The widespread increase in the production and use of nanomaterials has increased the potential for nanoparticle exposure; however, the biological effects of nanoparticle inhalation are poorly understood. Rats were exposed to nanosized titanium dioxide aerosols (10 µg lung burden); at 24 h post-exposure, the spinotrapezius muscle was prepared for intravital microscopy. Nanoparticle exposure did not alter perivascular nerve stimulation (PVNS)-induced arteriolar constriction under normal conditions; however, adrenergic receptor inhibition revealed a more robust effect. Nanoparticle inhalation reduced arteriolar dilation in response to active hyperaemia (AH).
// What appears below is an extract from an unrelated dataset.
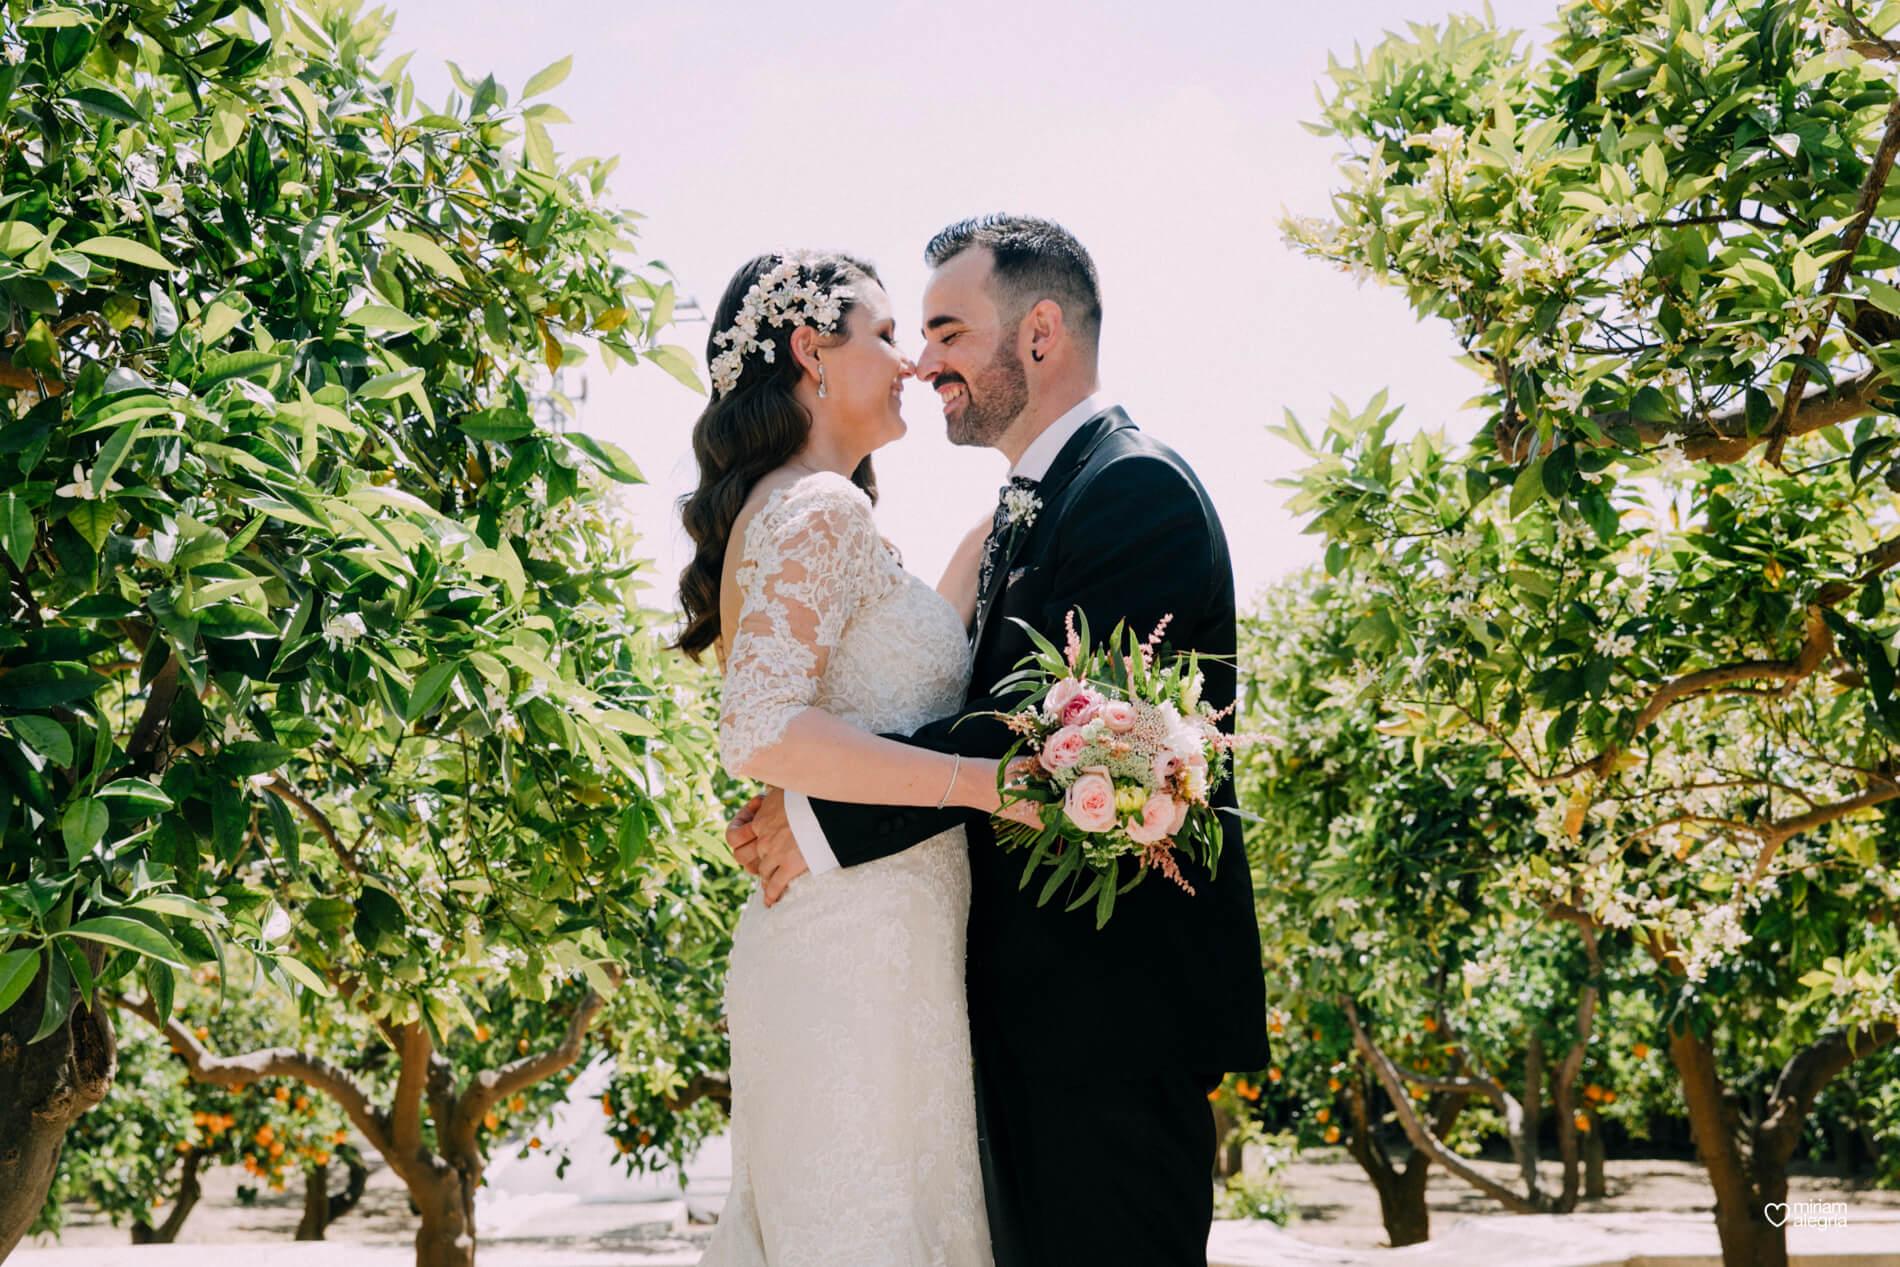 boda-en-finca-jurosa-miriam-alegria-93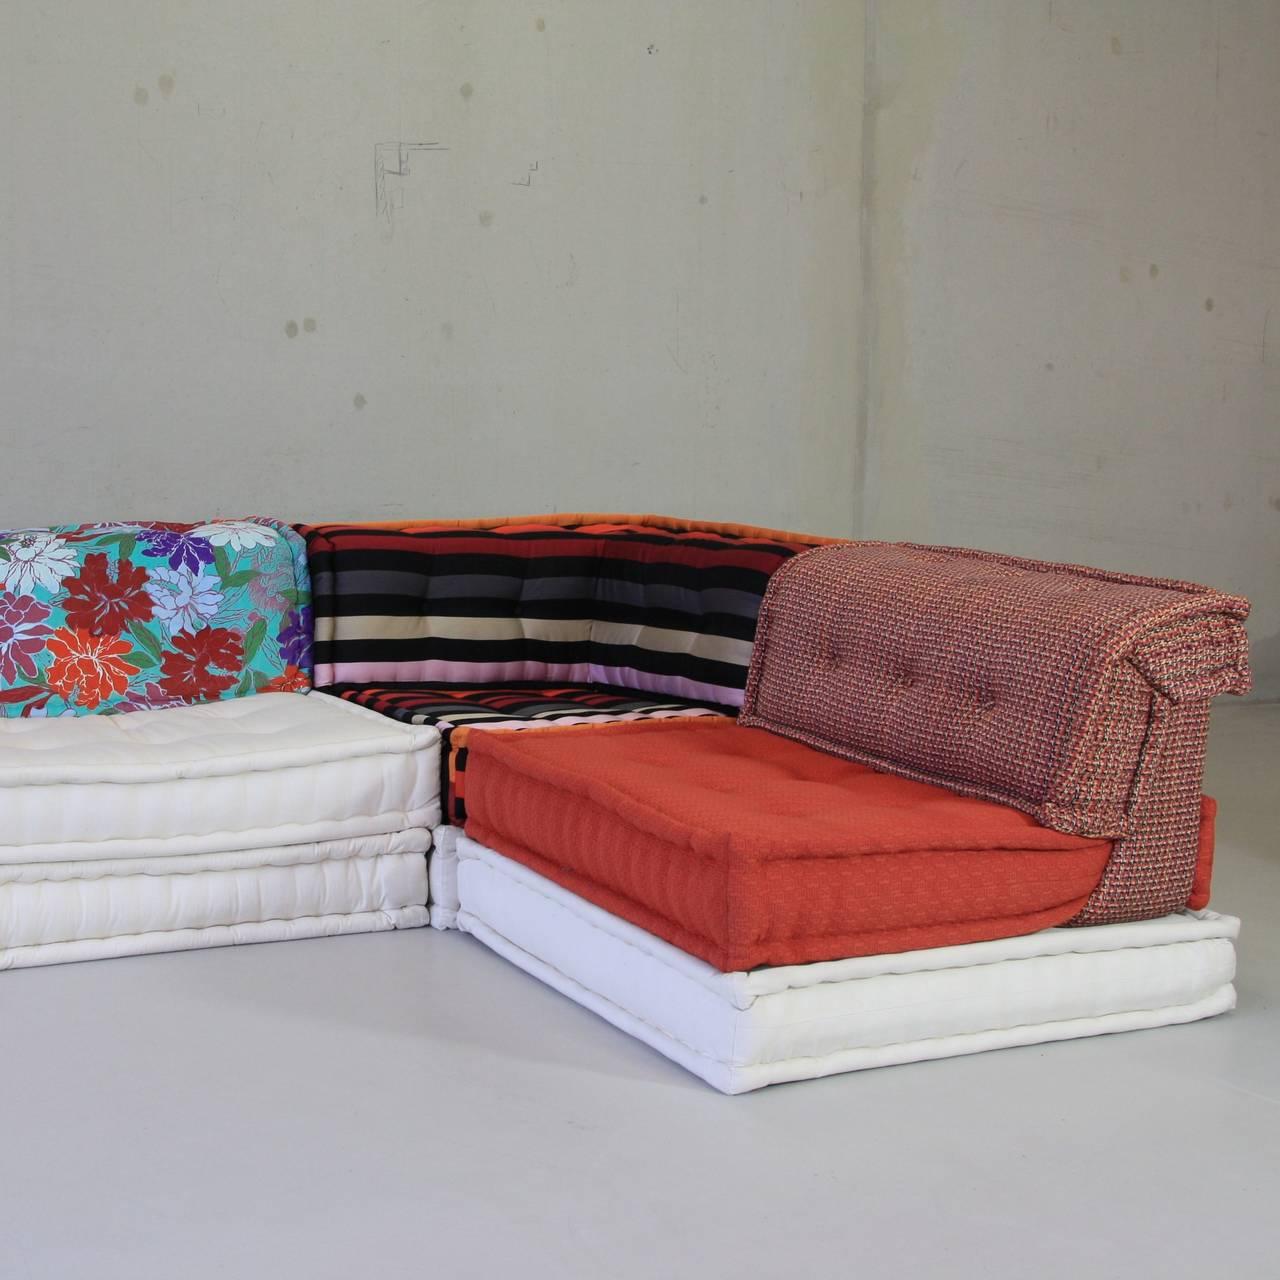 roche bobois mah jong sofa at 1stdibs. Black Bedroom Furniture Sets. Home Design Ideas

In both PVNS and AH experiments, nitric oxide synthase (NOS) inhibition affected only controls. Whereas cyclooxygenase (COX) inhibition only attenuated AH-induced arteriolar dilation in nanoparticle-exposed animals. This group displayed an enhanced U46619 constriction and attenuated iloprost-induced dilation. Collectively, these studies indicate that nanoparticle exposure reduces microvascular NO bioavailability and alters COX-mediated vasoreactivity. Furthermore, the enhanced adrenergic receptor sensitivity suggests an augmented sympathetic responsiveness.